-- Exercise details --
Once the line with "スリリングなシーンに適した電子音楽の未再生の波形" is found in the entries below, print it and each following line exactly, stopping after the line with "Одеяло синтетическое 350"; print nothing else.

-- Supplied information --

═══

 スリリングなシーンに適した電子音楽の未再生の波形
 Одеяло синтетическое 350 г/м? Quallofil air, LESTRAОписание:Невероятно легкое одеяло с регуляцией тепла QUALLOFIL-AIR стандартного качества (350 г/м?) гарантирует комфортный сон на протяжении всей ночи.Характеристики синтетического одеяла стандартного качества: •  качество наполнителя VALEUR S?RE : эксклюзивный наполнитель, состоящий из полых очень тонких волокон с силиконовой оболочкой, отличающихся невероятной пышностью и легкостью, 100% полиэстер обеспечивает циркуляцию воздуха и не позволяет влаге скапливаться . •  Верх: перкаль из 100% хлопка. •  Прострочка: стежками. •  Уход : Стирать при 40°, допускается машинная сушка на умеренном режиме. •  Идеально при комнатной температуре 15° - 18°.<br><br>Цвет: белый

═══

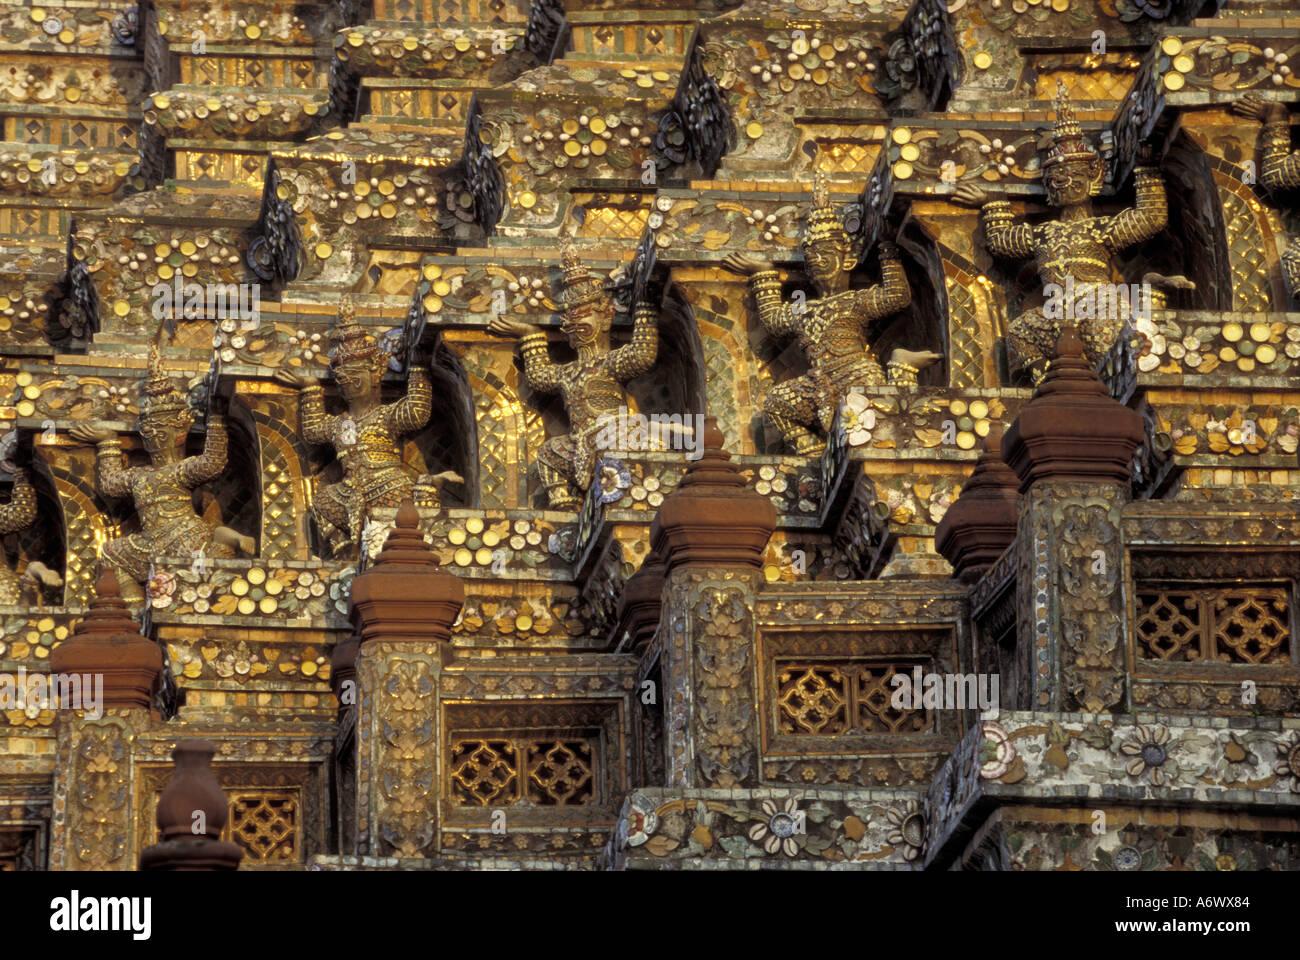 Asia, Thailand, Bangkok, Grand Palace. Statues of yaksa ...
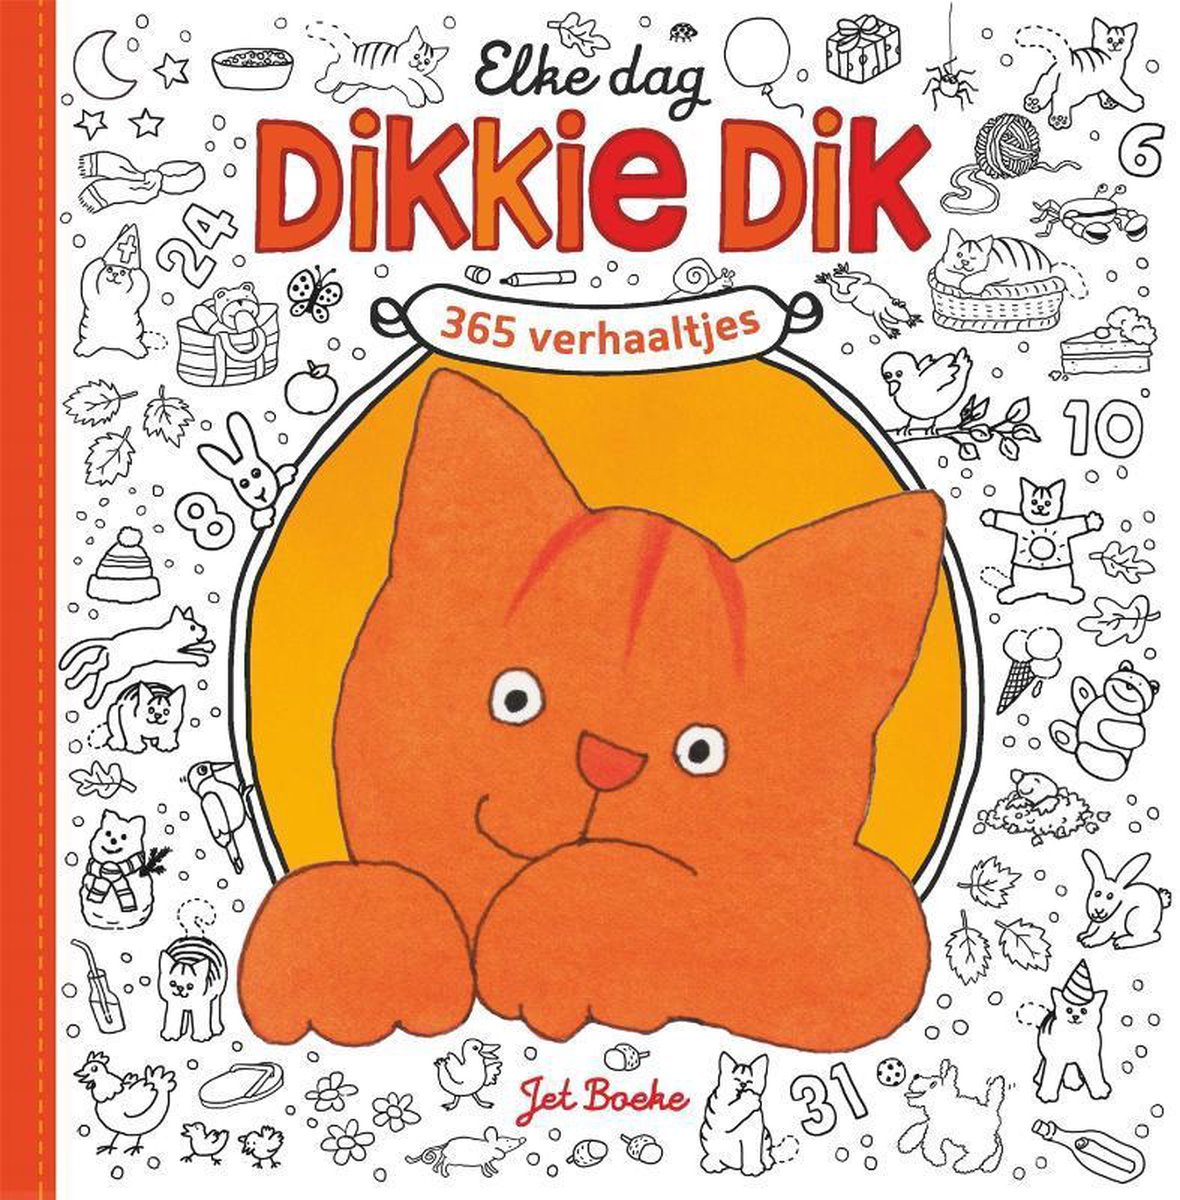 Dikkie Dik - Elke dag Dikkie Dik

═══

-- Solution to this task --
 スリリングなシーンに適した電子音楽の未再生の波形
 Одеяло синтетическое 350 г/м? Quallofil air, LESTRAОписание:Невероятно легкое одеяло с регуляцией тепла QUALLOFIL-AIR стандартного качества (350 г/м?) гарантирует комфортный сон на протяжении всей ночи.Характеристики синтетического одеяла стандартного качества: •  качество наполнителя VALEUR S?RE : эксклюзивный наполнитель, состоящий из полых очень тонких волокон с силиконовой оболочкой, отличающихся невероятной пышностью и легкостью, 100% полиэстер обеспечивает циркуляцию воздуха и не позволяет влаге скапливаться . •  Верх: перкаль из 100% хлопка. •  Прострочка: стежками. •  Уход : Стирать при 40°, допускается машинная сушка на умеренном режиме. •  Идеально при комнатной температуре 15° - 18°.<br><br>Цвет: белый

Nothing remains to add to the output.